What you will do ▸ Return the material below exactly, but only from the line with "Skool English" through the line with "Serta Pure \u0026 Fresh Bed Pillow", and without its pictures.

Exercise material ▸
= Beginning of Section =

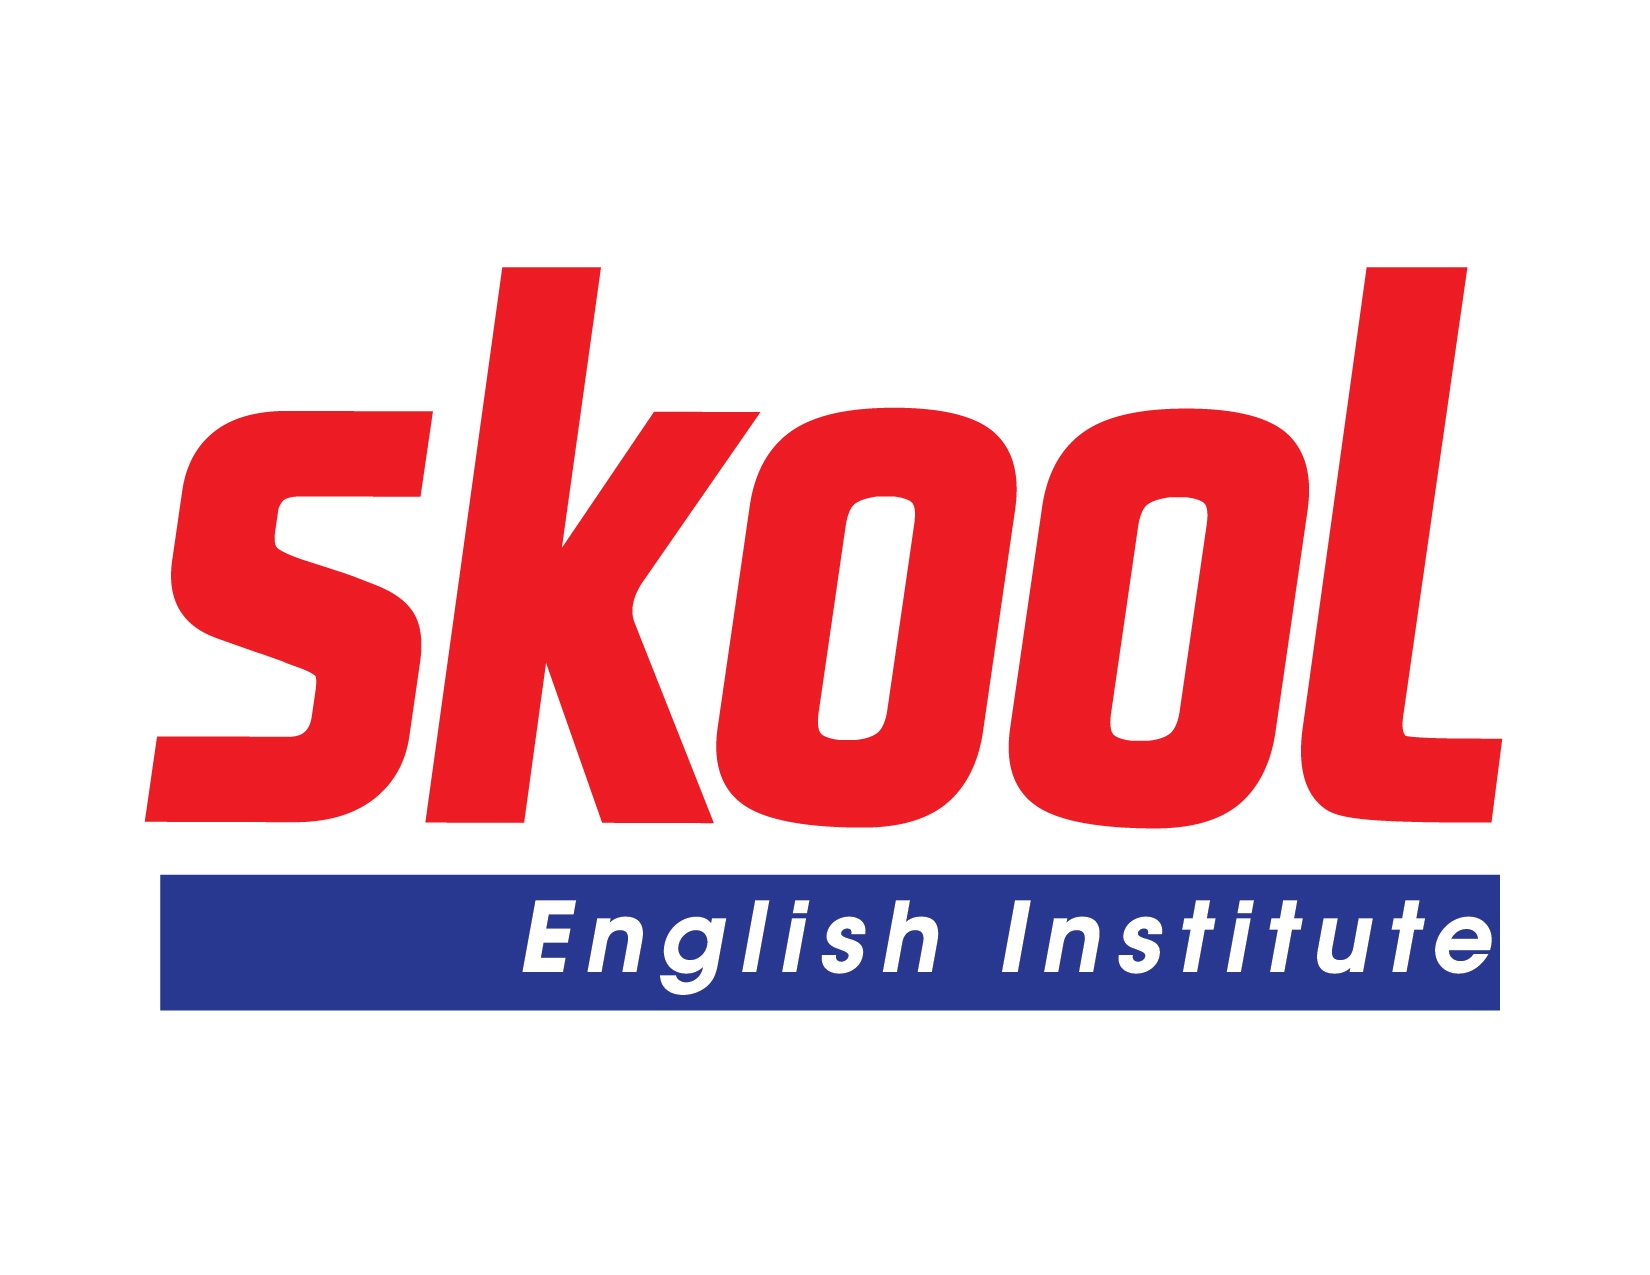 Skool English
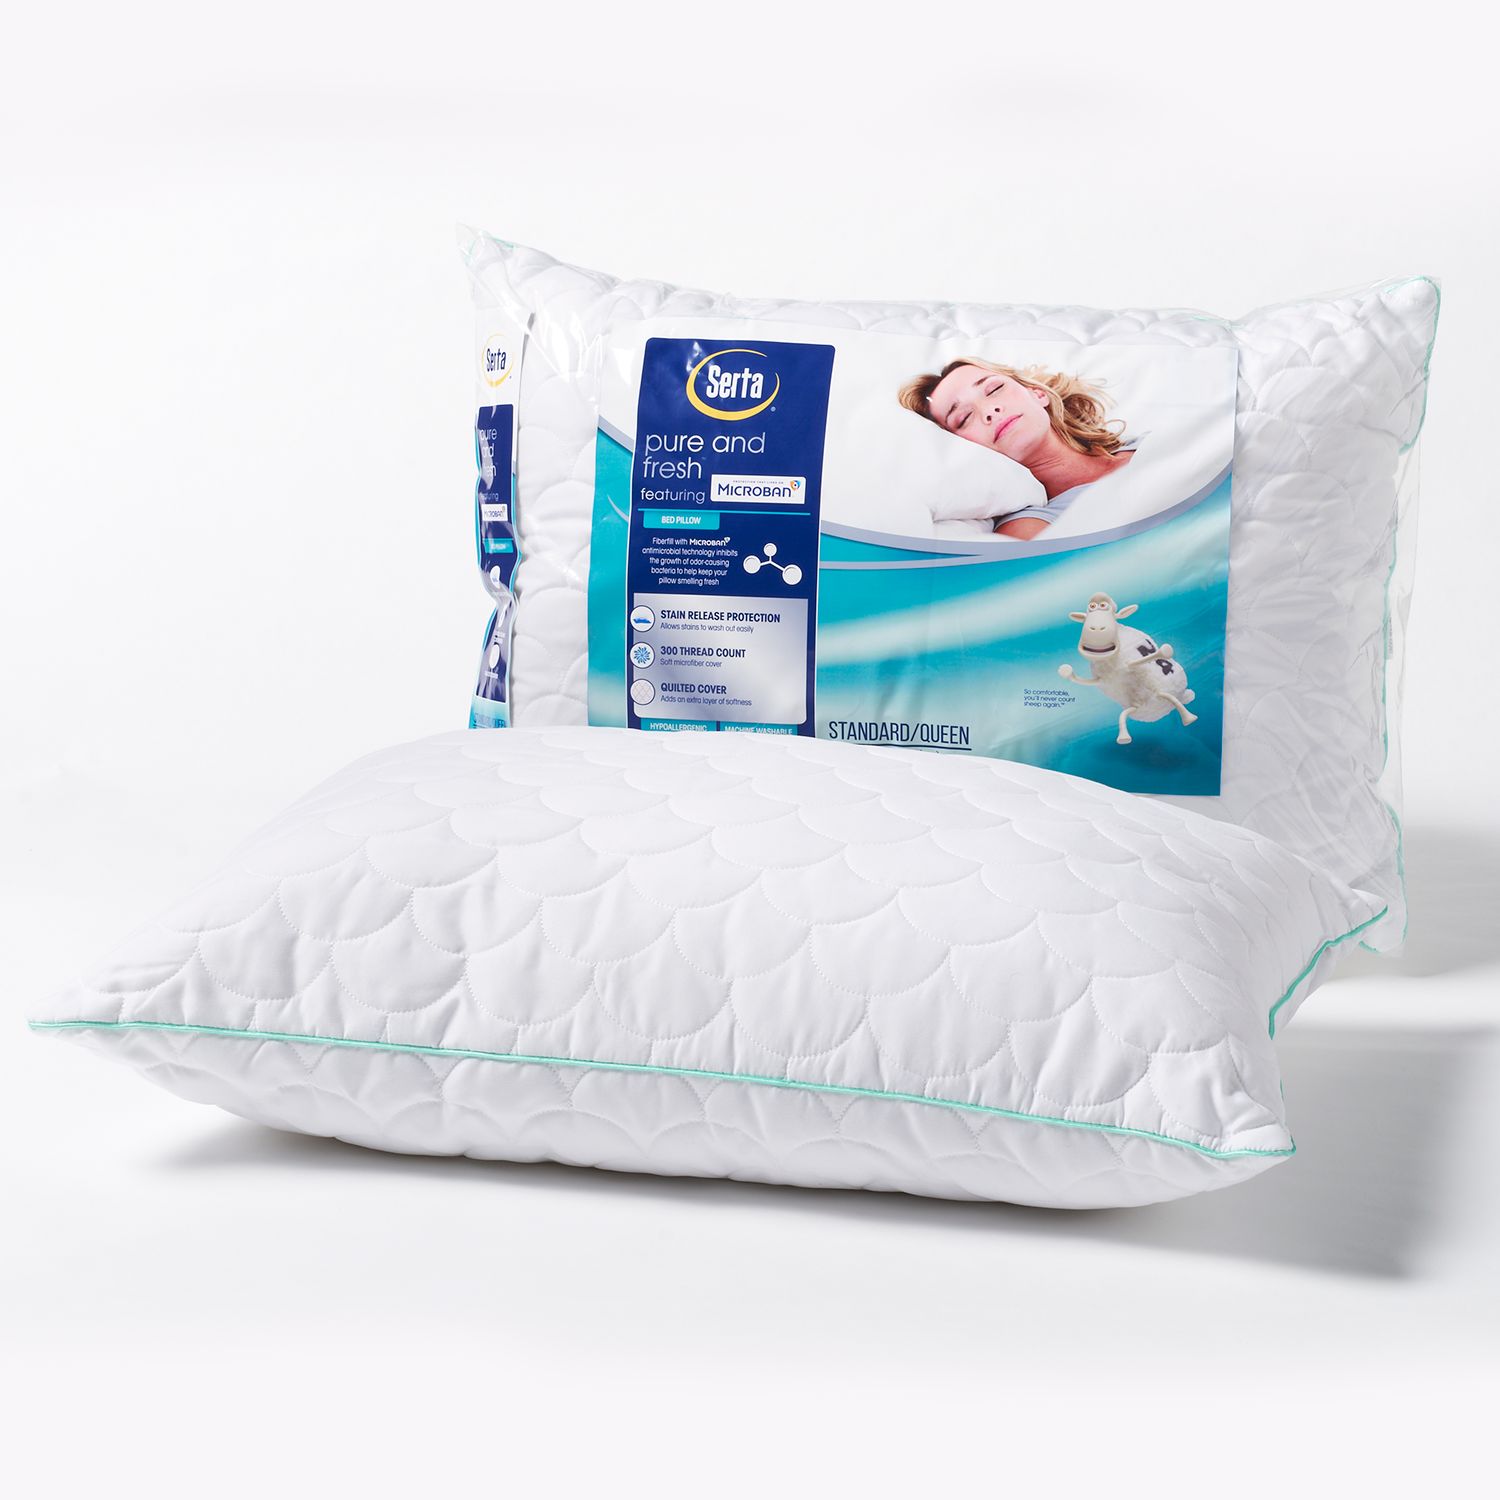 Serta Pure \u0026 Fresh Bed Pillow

= End of Section =
= Beginning of Section =

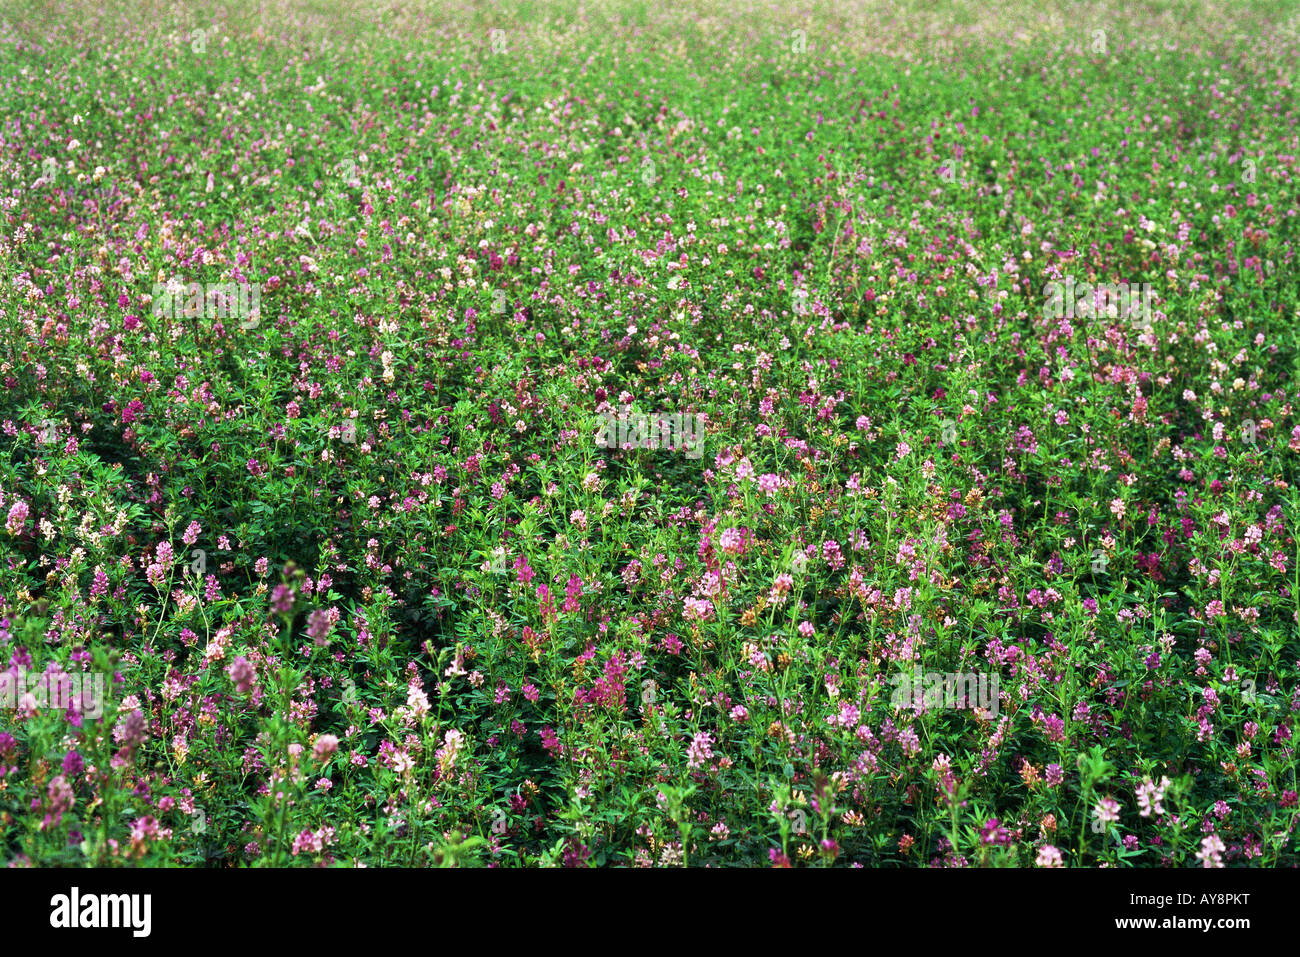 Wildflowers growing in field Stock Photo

= End of Section =

Answer to this exercise ▸
 Skool English
 Serta Pure \u0026 Fresh Bed Pillow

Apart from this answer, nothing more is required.